I am researching the same thing and stumbled upon identityserver which implements OAuth and OpenID on top of ASP.NET. It integrates with ASP.NET identity and Membership Reboot with persistence support for Entity Framework.

So, to answer your question, check out their detailed document on how to setup an OAuth and OpenID server.

@Robin 2014-11-05 13:12:36

I will look at is but from the chapter names I think it is again not what I search as it focuses on Identity and facebook/ google login identity providers.

@MichaelS 2014-11-05 13:19:17

Only part 4 is about facebook and google. I implemented my own authentication controller based on these tutorials two months ago. And I was using my own user database too.

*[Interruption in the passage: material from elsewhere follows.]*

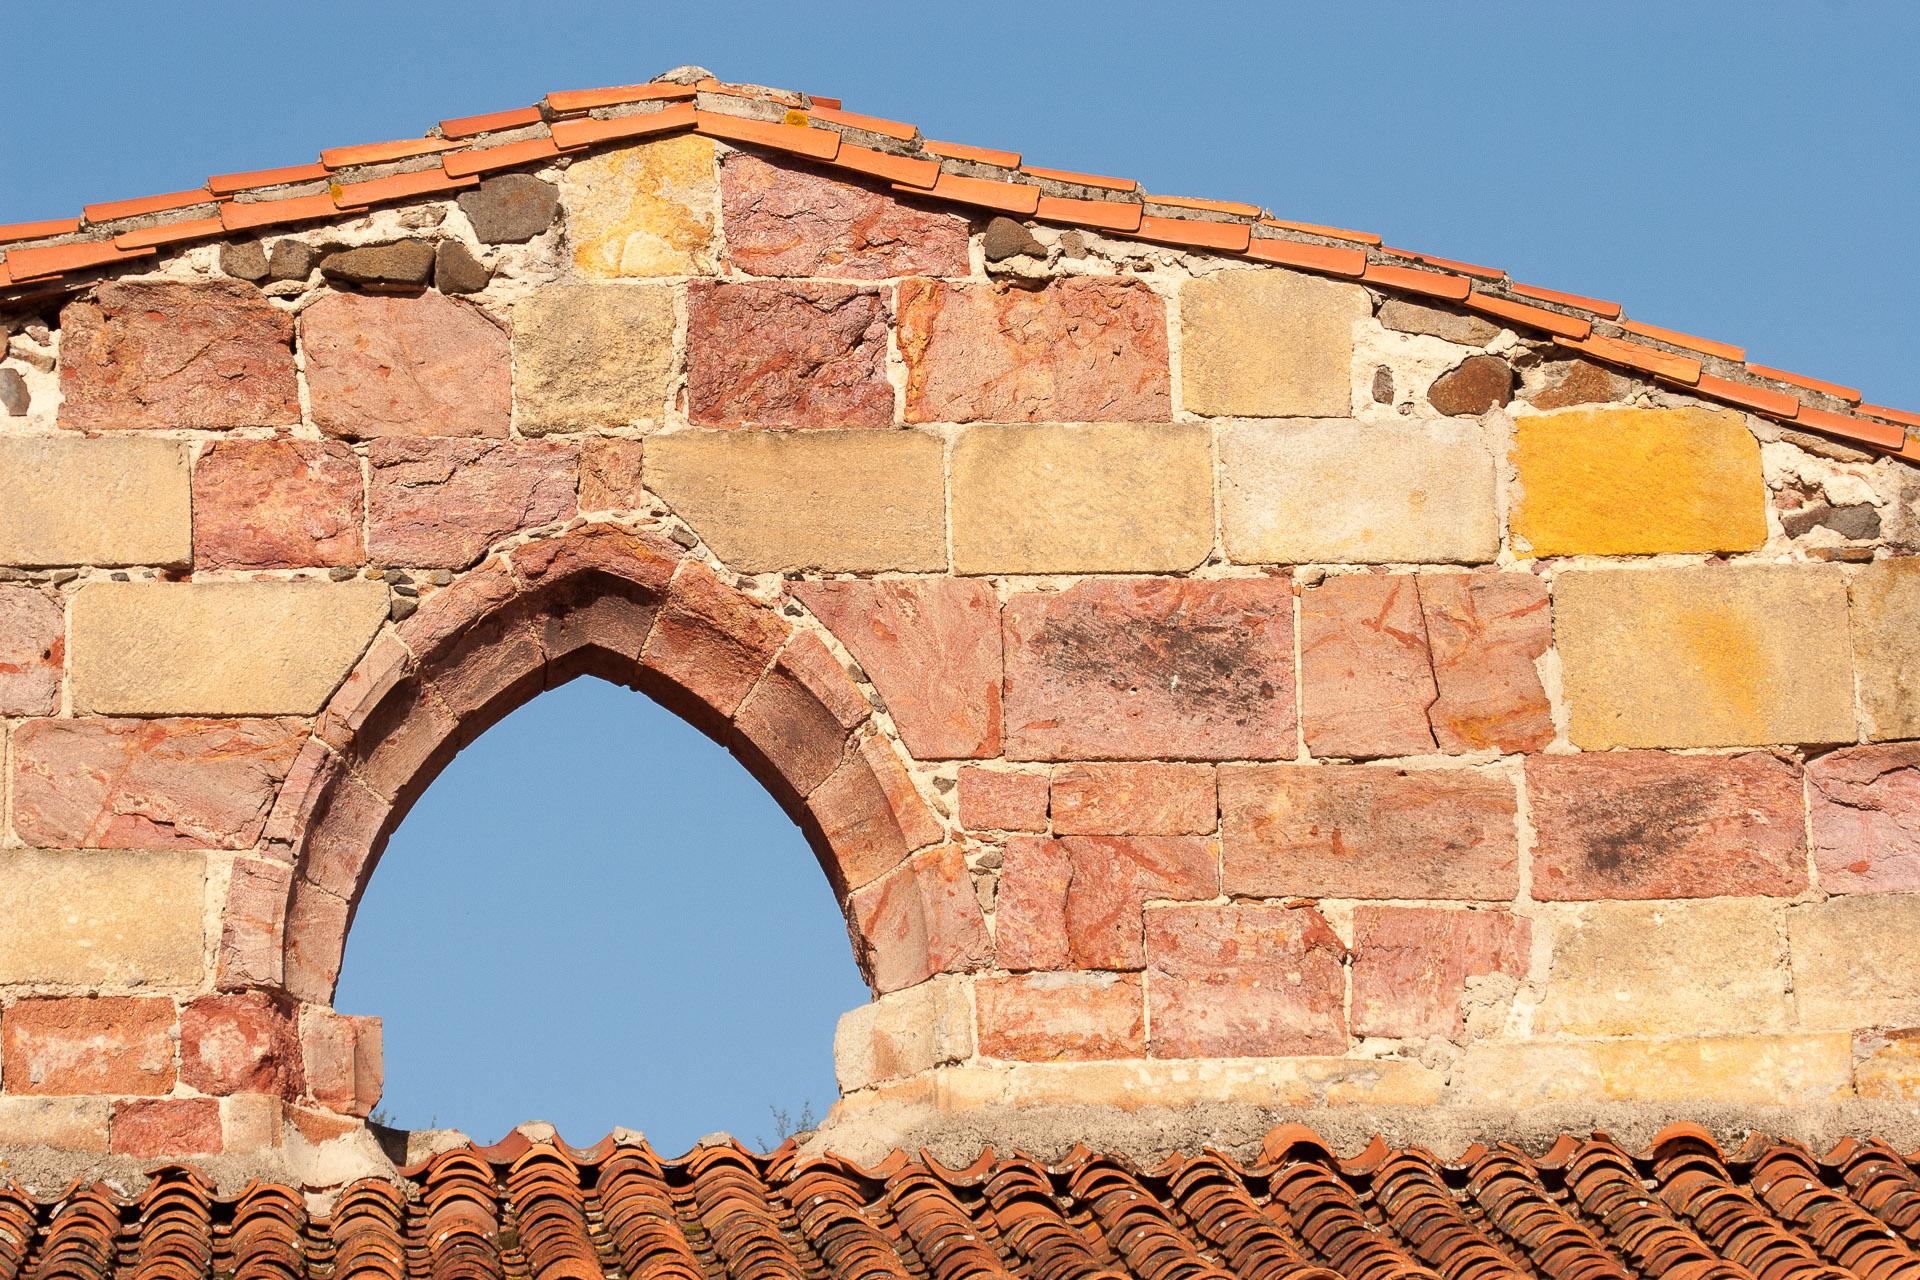 Manglieu église romane P.A.COUMES-0656

@Robin 2014-11-06 09:18:10

I have one more question, where do these tokens get stored? Does Identity take care of this entirely?

@Taiseer Joudeh 2014-11-15 22:47:16

@MichaelS thanks for referring to my blog posts, glad it was helpful for your project :)

@Joe.wang 2015-08-17 15:00:24

@MichaelS I doubted if the way of Token based authentication is security enough for the rest api . because if I can got the user's token in his browser. I think it can be achieved because token is stored in the request header Authentication . I can do everything I want like get / post/ put / delete.

@MichaelS 2015-08-20 08:43:10

@Joe.wang you are right. But it's more secure than cookies. Tokens are save agains CSRF, cookies are not.

@Joe.wang 2015-08-20 15:44:47

@MichaelS Thank your nice reply, In these days , I was stuck with finding a more security way than the way of token-based. the problem is the server hosting the restful api only can authenticate the client with the user credential . But that is all. nothing else. It doesn't care if the request is from the client who initiate the token request. right ? thanks.

@Joe.wang 2015-08-20 15:46:32

@MichaelS Or did I think about too much of it ? Hopefully can get some guide . Thanks .

@MichaelS 2015-08-21 07:35:04

@Joe.wang Unfortunately there is no 100% security. An attacker has to compromise your website with XSS to get the token. It's your turn to prevent that. And using TLS reduces the risk of a Man-in-the-middle attack. Do you see other risks?

@Joe.wang 2015-08-21 07:48:55

@MichaelS I mean , We should know what exactly component (code or application)should take the responsibility to take care of the every aspect of security. It seems token based authentication implemented with code is just take care of the security of business level. not the application level security like what you mentioned XSS and Man-in-the-middle it should take care. So Is it necessary to take all the issues into consideration when we still in the code level? My thought is we should consider the XSS , Man-in-middle issue in the deployment of our application. not in the code level. Thanks.

@Nisar 2015-09-07 11:55:07

I tried to login with google... but failed with Error: redirect_uri_mismatch. @TaiseerJoudeh your blog wasted my valuable time.. ;(

@Nisar 2015-09-07 12:02:27

Finally i am using Hello.js in NODE for asp.net

@Ryan Mann 2015-12-08 04:42:35

Every example I see is using Entity Framework. I want to know how to build that part too.

@Scott Fraley 2016-06-14 15:49:32

I'd love to see an example of using AD/LDAP for user login over (instead of) Identity. Also, some discussion about whether or not you should keep a store of active tokens on the server for expiration checking.

@webworm 2016-06-28 17:40:53

@MichaelS - How did you decouple OAuth from ASP.NET Identity? I am looking to do the same thing as you described ... using my own authentication.